The venture capitalist does not buy the assets that these fintech firms originate. This is an important distinction because the assets that are originated look more like credit instruments that might yield 10 to 15 percent or some cases even more. Getting a 20 percent annual return secured by a real asset might be pretty compelling, but ironically it is not very compelling for venture capital.
The venture capitalist is betting on
managers like those at Point and PeerStreet to yield, every once in a while,
a thousand times return on equity.
PeerStreet is about people that buy old properties fix them up and then sell them typically within a short term time horizon. So for PeerStreet it could be described as being speculative but in supply constrained markets with low loan to value ratios a strong case can be made that it is not that speculative of an investment.
The main characteristics that make PeerStreet compelling is that they have a unique model. A local private lender may make loans to real estate developers in his vicinity and over time comes to understand what kinds of loans and which borrowers pay back as promised. Once they are paid back, they can make loans again. The problem for the local lender is that they cannot scale their model, but they can scale much more quickly if they could go sell part of the loans that they are originating to a third party – and that is what PeerStreet does.

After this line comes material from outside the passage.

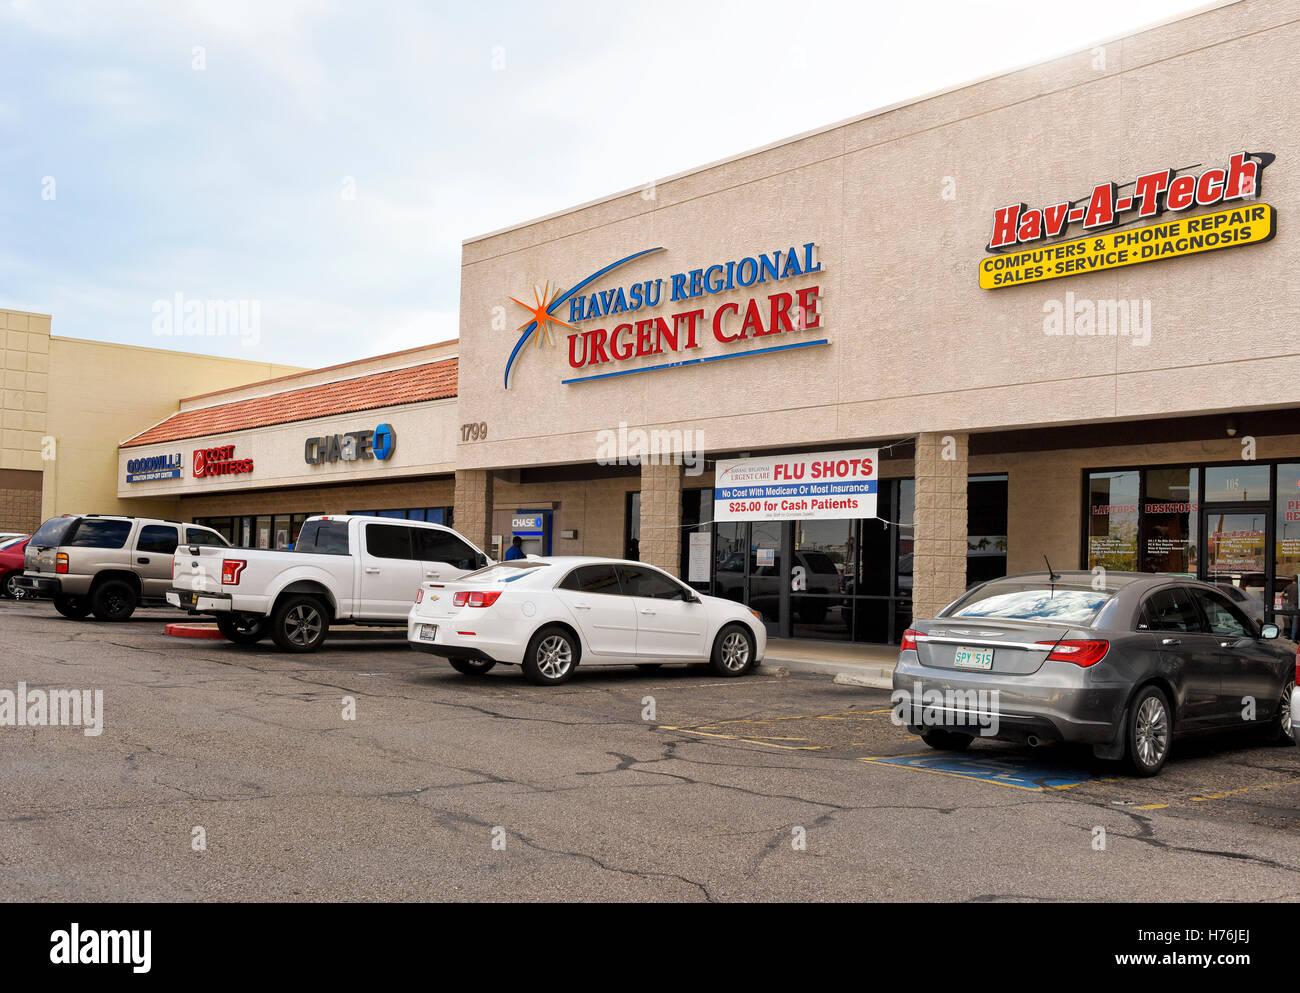 Urgent Care in a strip mall, Lake Havasu City, Arizona - Stock Image
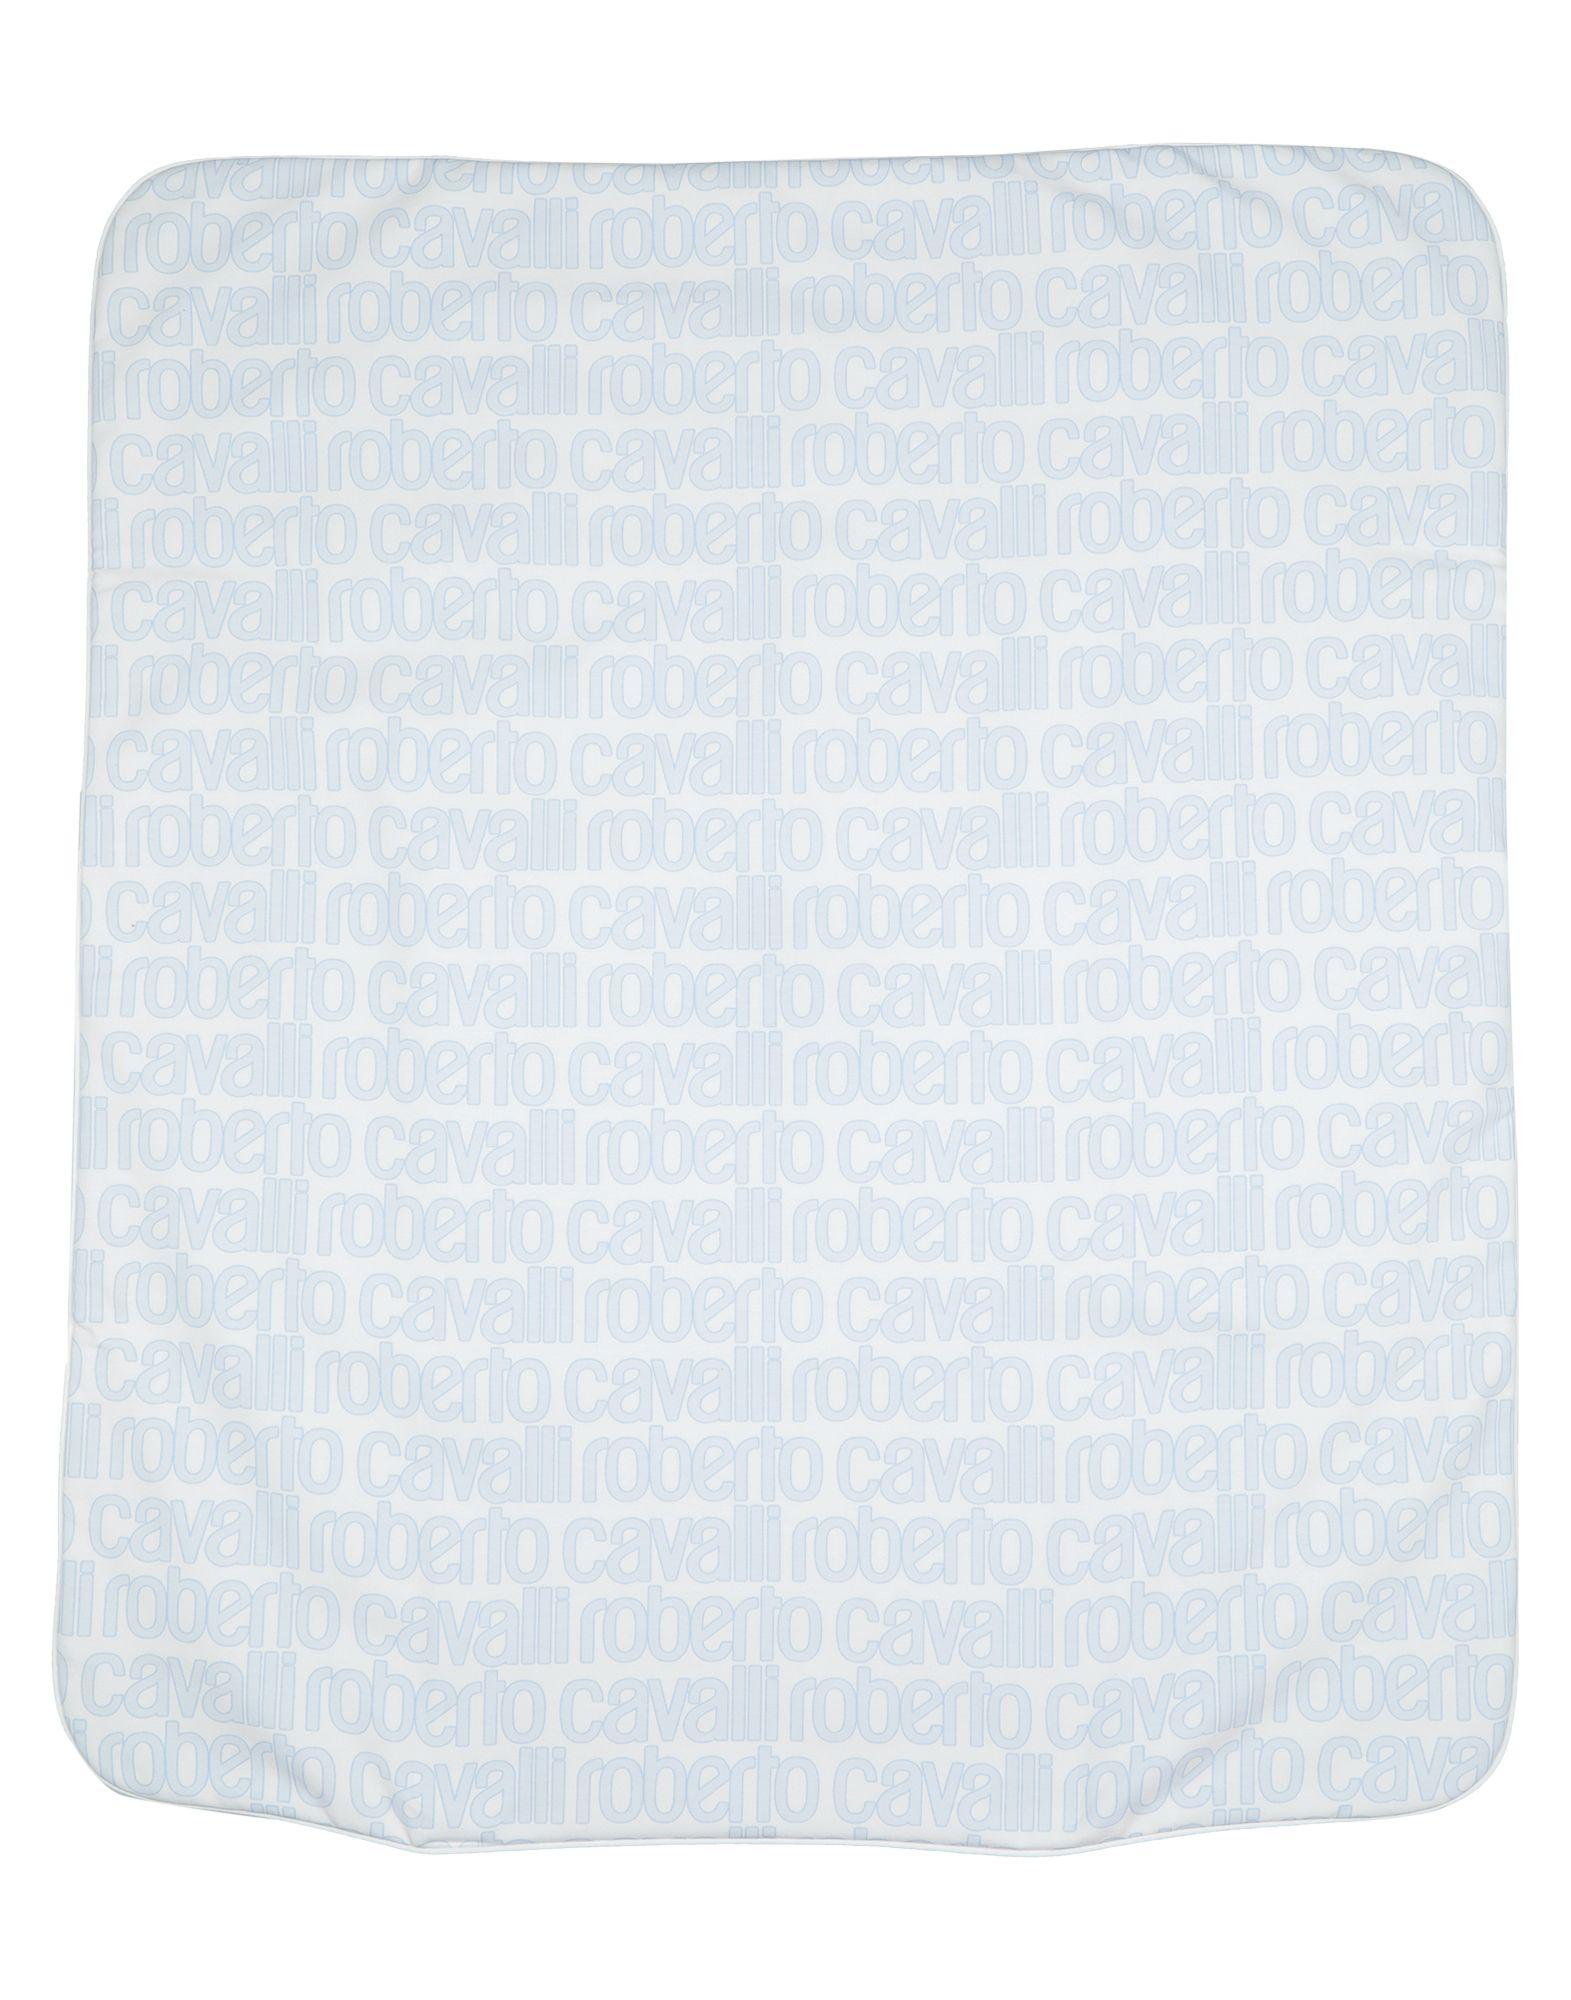 ROBERTO CAVALLI Одеяльце для младенцев круг для купания младенцев flipper отзывы

Very important for PeerStreet, of course, is to avoid adverse selection so the company actually does its own underwriting on top of the underwriting that the local lender has done. In fact, they scaled to over half a billion dollars of loans with no defaults in just their first couple of years.
A compelling aspect of their model is that, normally, intelligence is trapped in humans heads and PeerStreet is kind of the opposite in the sense that they have identified this and are using it to their advantage. They recognize that the local lender understands their market intimately and has their own network of borrowers that they go to. So by utilizing this network of lenders, they are able to force multiply the market.
This is very appealing because your average venture firm might give seven to ten million dollars as an initial investment where it can be very difficult to get the customers and the cool thing about PeerStreet is that they actually they do not have to spend any money getting the end customers because of the relationships they are leveraging with local lenders.
Apart from the product type, the main difference between Point and PeerStreet is the duration of the investment. Point presents a much longer duration product. Point is also an equity product that can lose money if the value of the home decreases, as can PeerStreet, but it is a secured form of equity, backed by a lien on the property.
Alex is one of nine general partners at venture capital firm Andreesen Horowitz and they are the ones that make the investment decisions, but in addition there are some 120 other people that work at the firm. Unlike other types of VCs Andreesen Horowitz brings added value to portfolio companies beyond capital infusions.
For example, they provide recruiting support because it is very hard to hire engineers. There is a policy and regulatory affairs team, and another team on communications and marketing. Additionally, every single one of their fintech companies needs debt capital, and in some cases accredited investor capital, so treasury is also an area of support that they have been beefing up.